◆ **DATA SHOWN**:
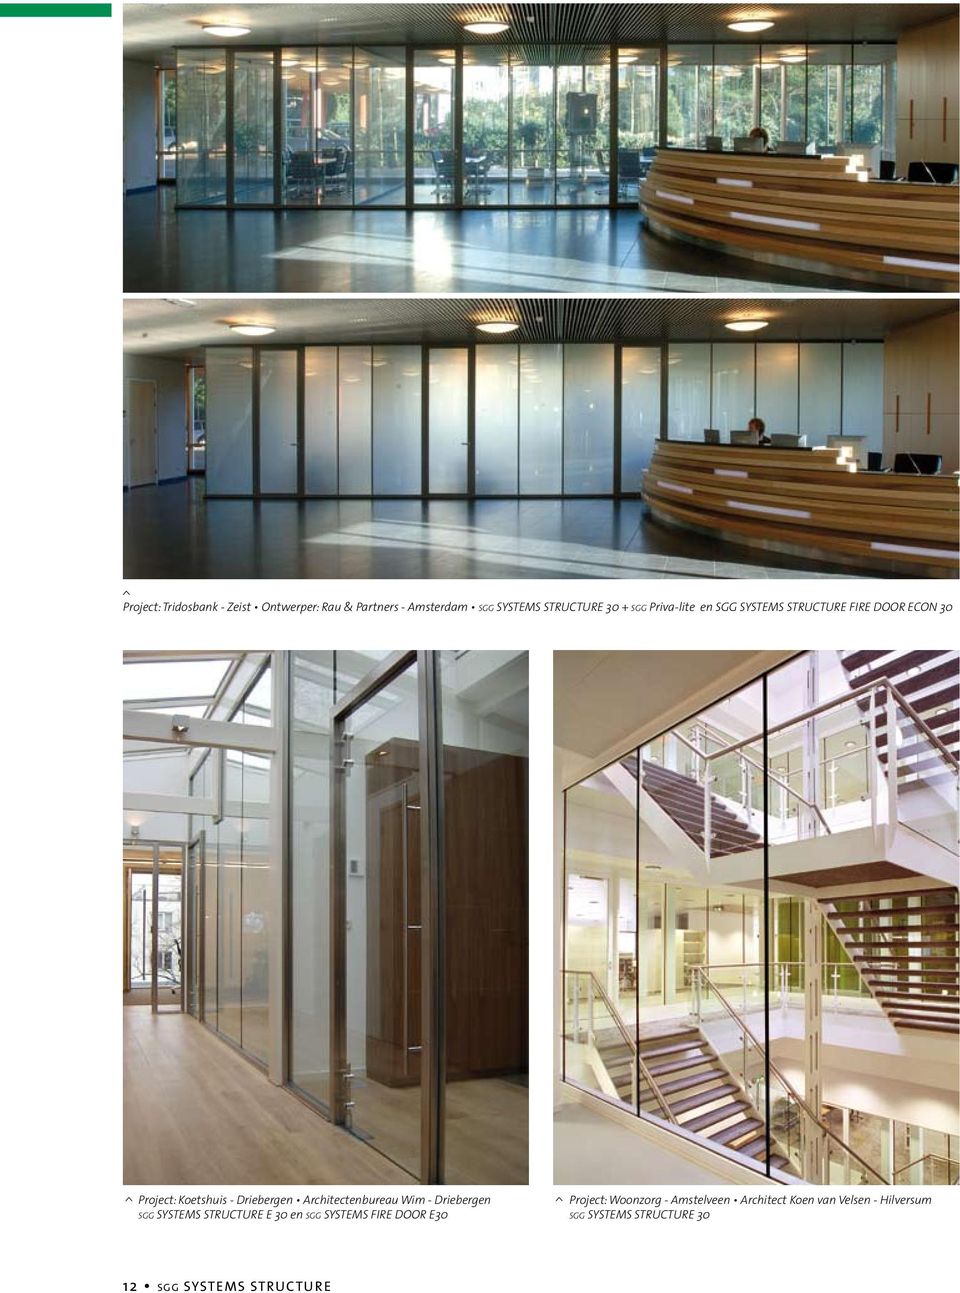 Architectenbureau Wim - Driebergen E 30 en SGG SYSTEMS FIRE DOOR E30 >
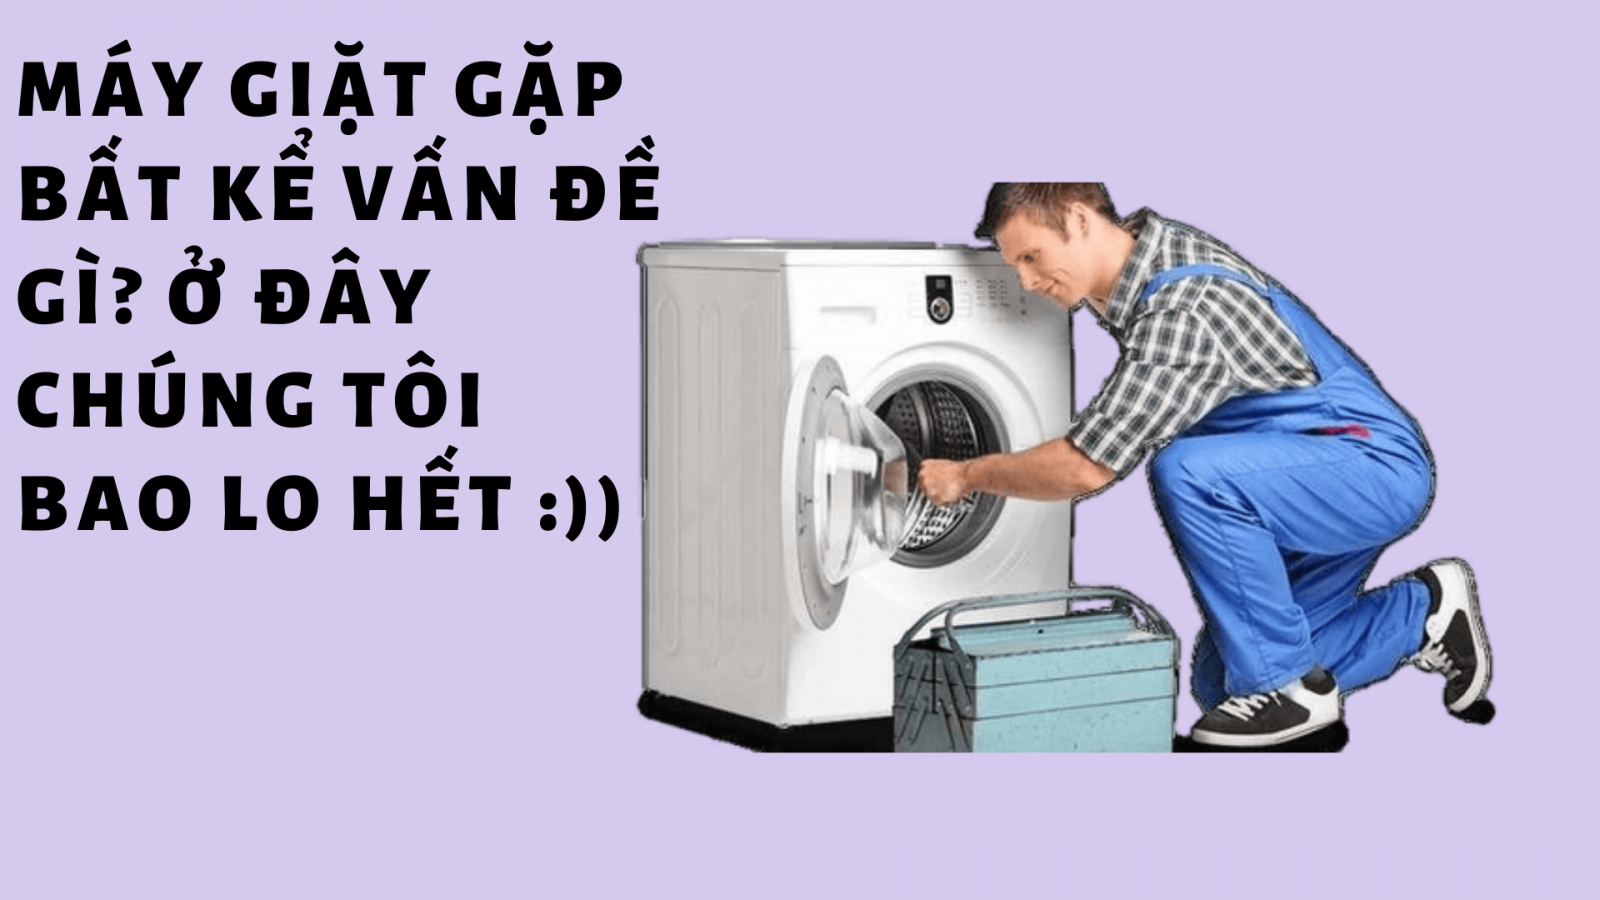 trung tâm sửa chữa máy giặt tại Hà Nội giá rẻ giải quyết mọi vấn đề của khách hàng.
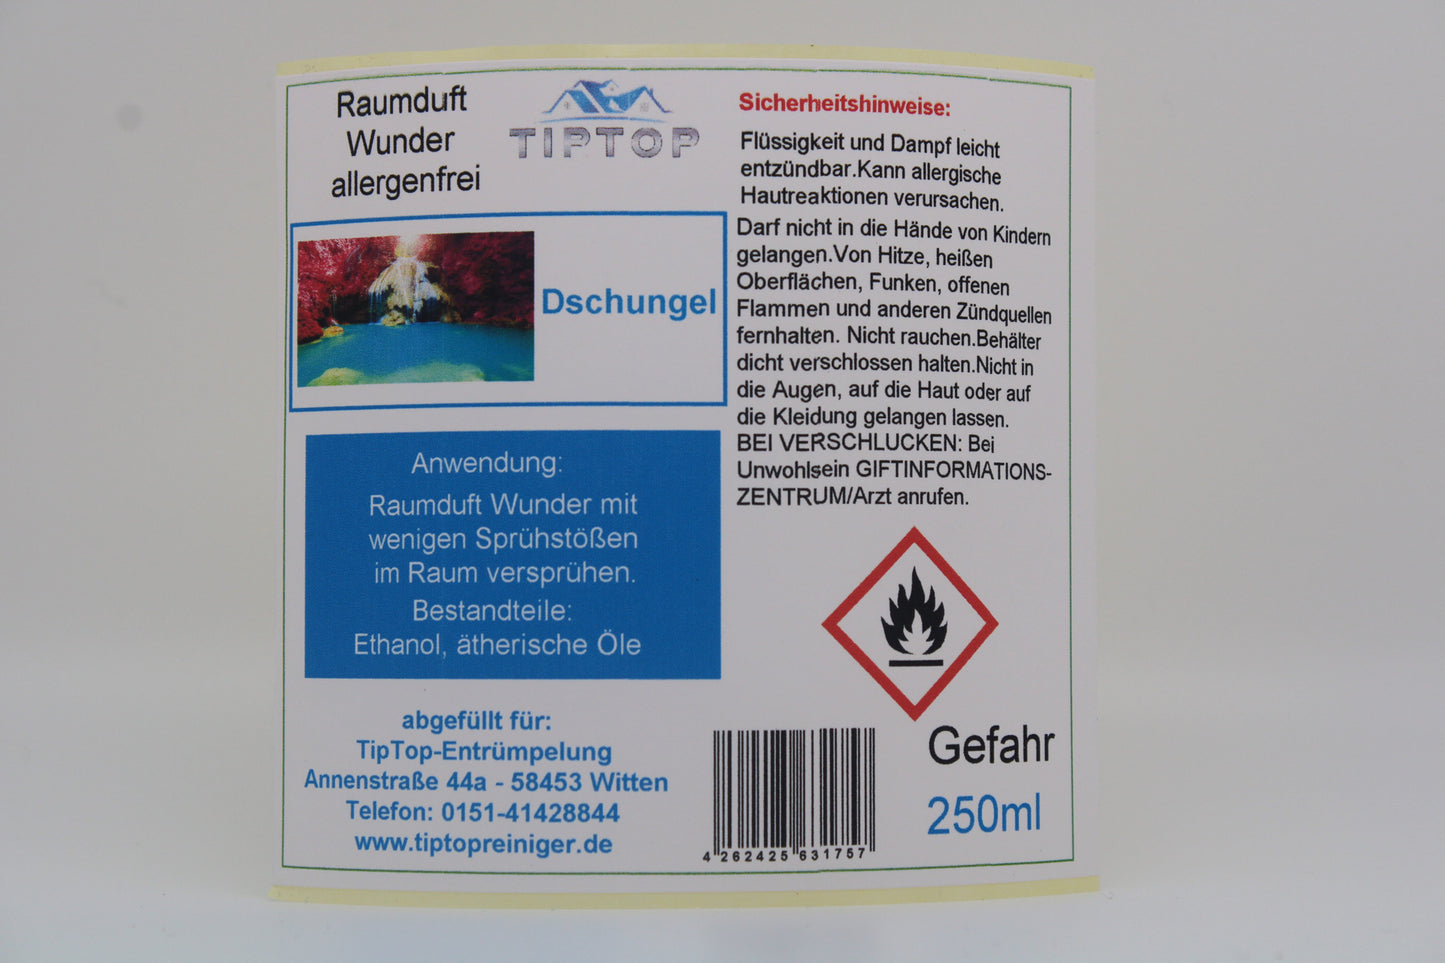 Raumduft-Wunder Allergenfrei -250ml- mehrere Duftnoten zur Auswahl

◆ **EXERCISE DETAILS**:
All lines above must be repeated exactly, and the pictures must be omitted.

◆ **EXERCISE OUTPUT**:
 Architectenbureau Wim - Driebergen E 30 en SGG SYSTEMS FIRE DOOR E30 >
 trung tâm sửa chữa máy giặt tại Hà Nội giá rẻ giải quyết mọi vấn đề của khách hàng.
 Raumduft-Wunder Allergenfrei -250ml- mehrere Duftnoten zur Auswahl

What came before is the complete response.